Crispy Catfish Cakes
Serves 4| Hands-On Time: | Total Time:
- 4 6-ounce catfish fillets
- 2 tablespoons olive oil
- kosher salt and black pepper
- 2 slices soft white bread, torn
- 1/2 cup corn kernels, thawed if frozen
- 3 scallions, thinly sliced
- 2 tablespoons chopped fresh flat-leaf parsley
- 3 eggs, whisked
- 1 cup mayonnaise
- 1 shallot, finely chopped
- 1 tablespoon chopped fresh dill
- 1 tablespoon fresh lemon juice
- 1 dill pickle, finely chopped
- Place the fillets on a baking sheet. Lightly coat both sides with 1 tablespoon of the oil and season with ½ teaspoon salt and ¼ teaspoon pepper.
- Broil the fish until opaque throughout and slightly charred, 3 to 5 minutes per side. When cool enough to handle, flake into small pieces.
- In a food processor, pulse the bread until fine crumbs form.
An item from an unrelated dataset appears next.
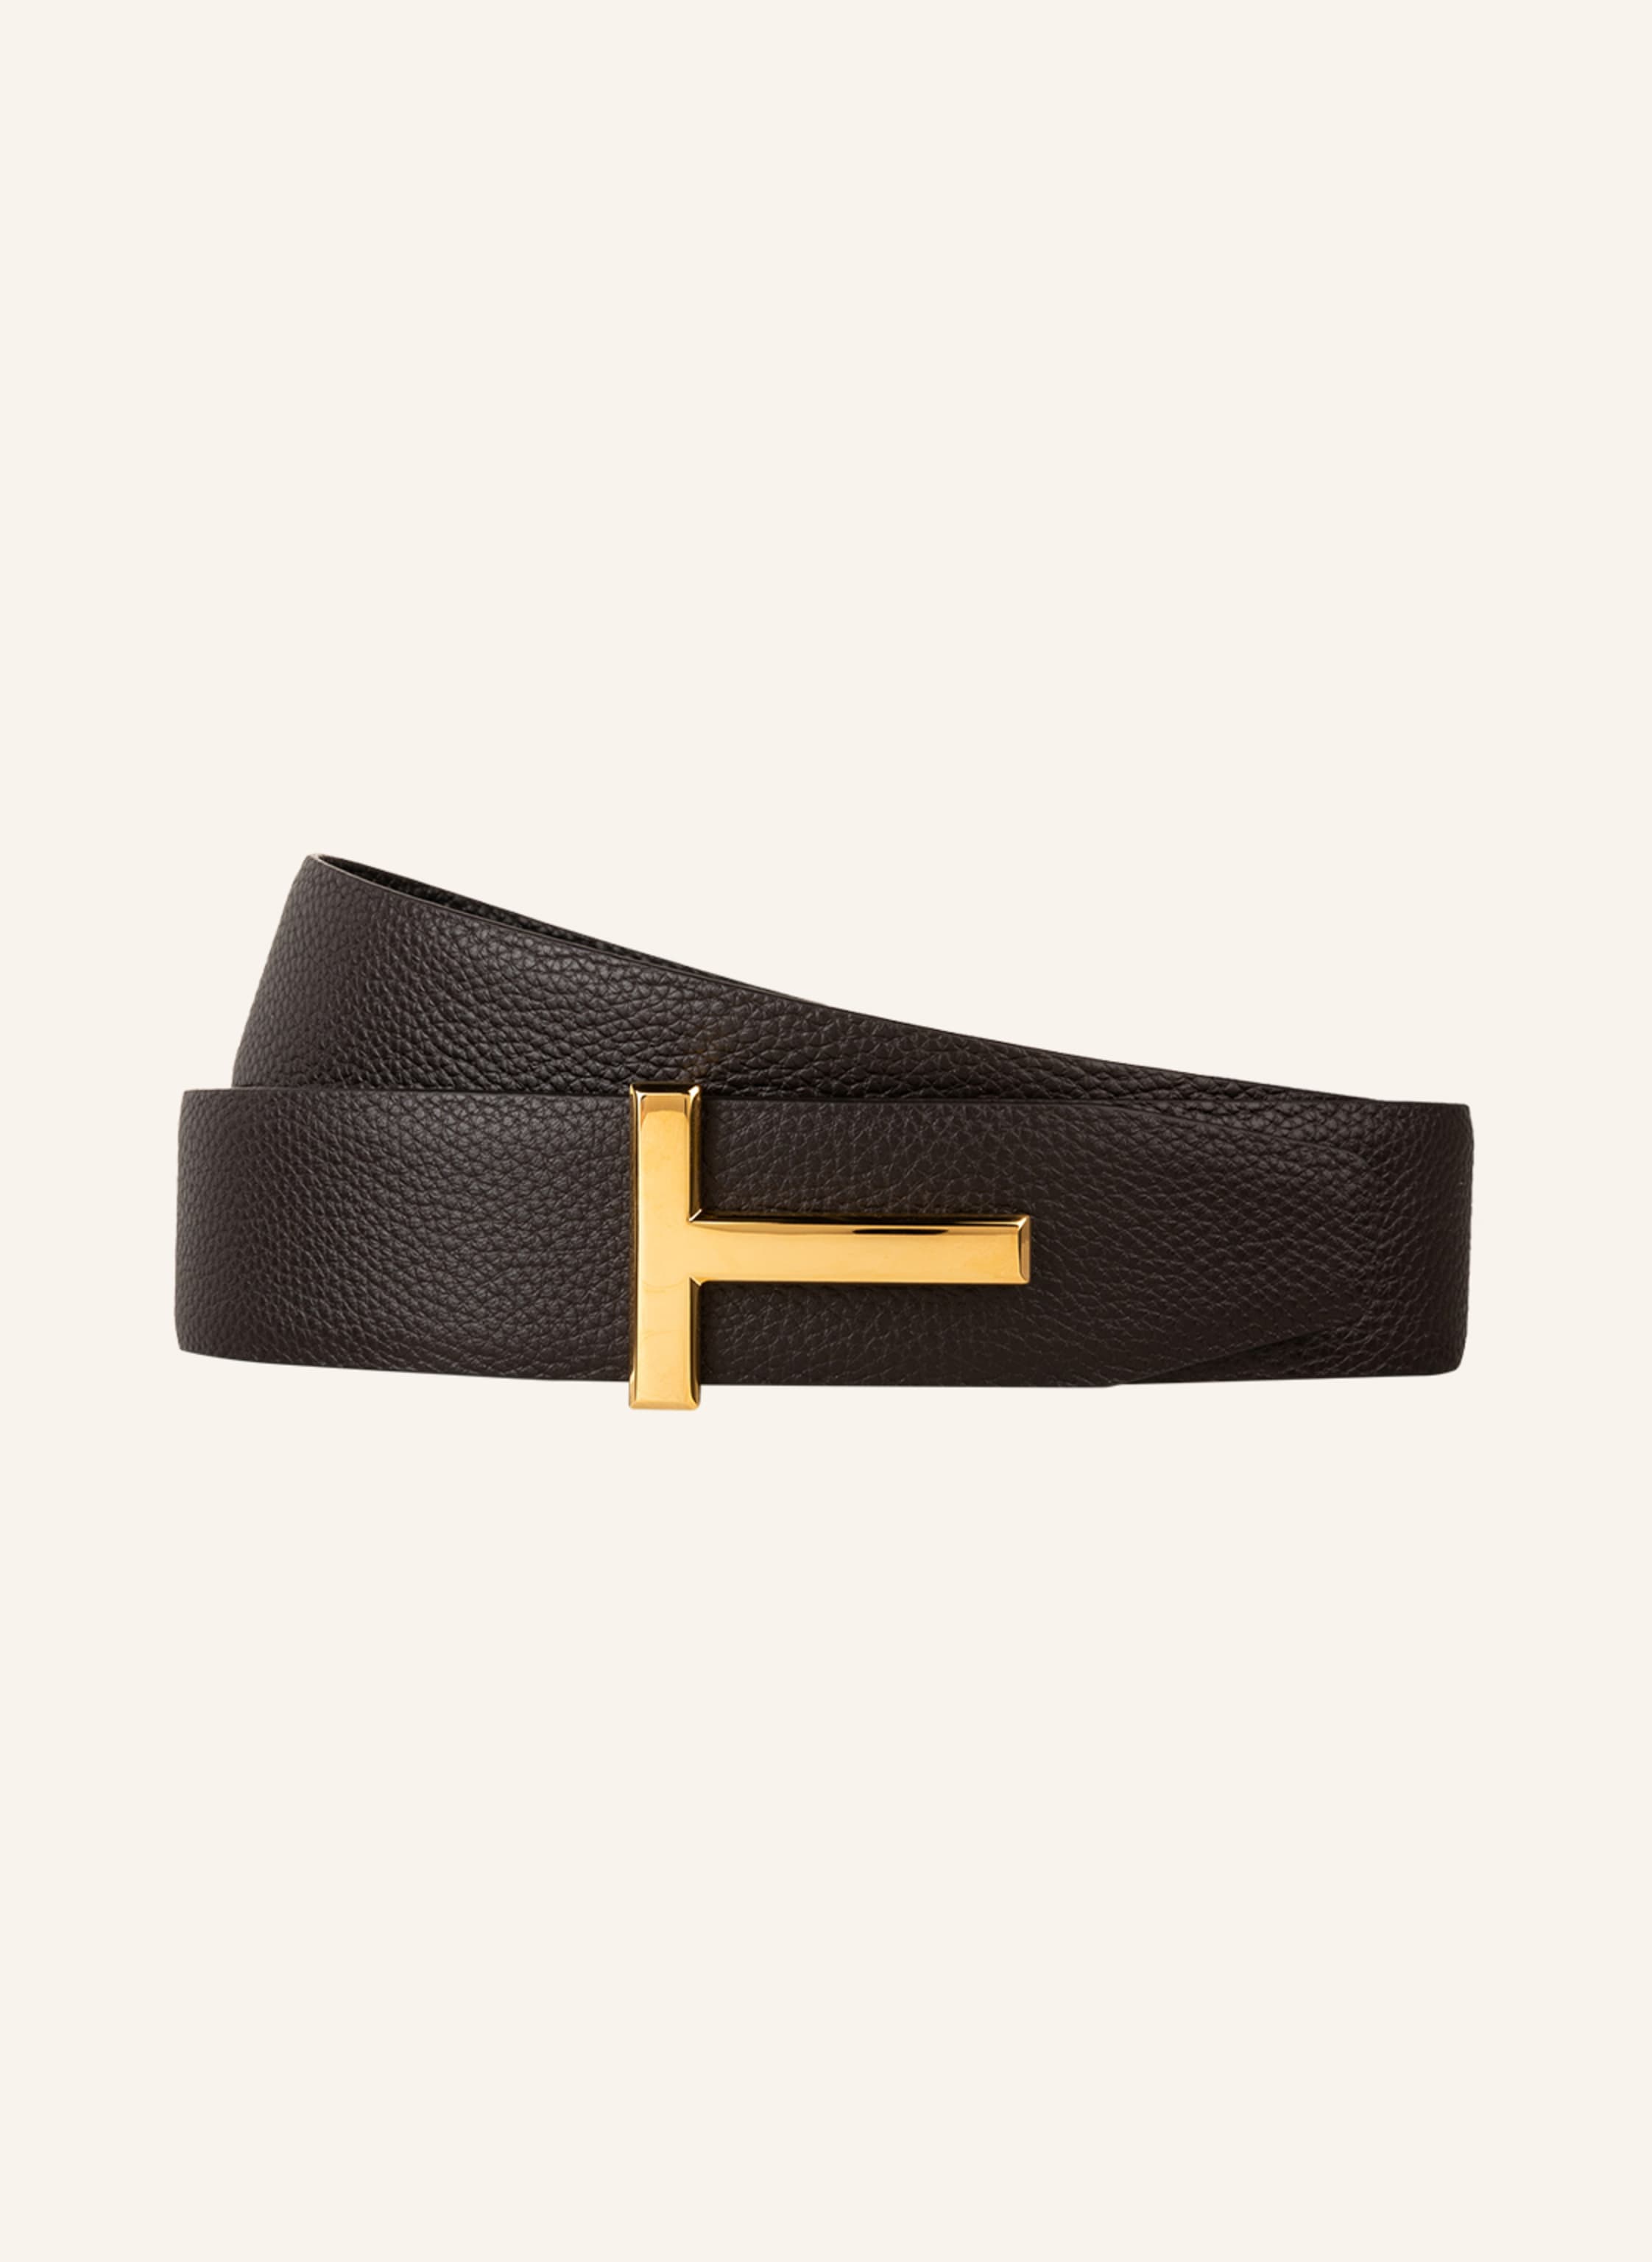 TOM FORD Reversible leather belt in dark brown | Breuninger

- In a large bowl, combine the crumbs with the corn, scallions, parsley, eggs, and flaked fish. Mix well and form into 8 large cakes.
- In a small bowl, combine the mayonnaise, shallot, dill, lemon juice, and pickle.
- Heat the remaining tablespoon of oil in a large nonstick skillet over medium heat. Cook the cakes until crispy and golden brown, carefully turning once, 3 to 5 minutes per side. Serve with the tartar sauce.
- Per Serving
- Calories 794Calories From Fat 600
- Fat 67g
- Sat Fat 11g
- Cholesterol 271mg
- Sodium 856mg
- Protein 34g
- Carbohydrate 13g
- Sugar 2g
- Fiber 1g
- Iron 3mg
- Calcium 64mg
What does this mean? See Nutrition 101 .
Make it a meal: Serve the fish cakes and tartar sauce with spinach sautéed in olive oil and fresh lemon juice.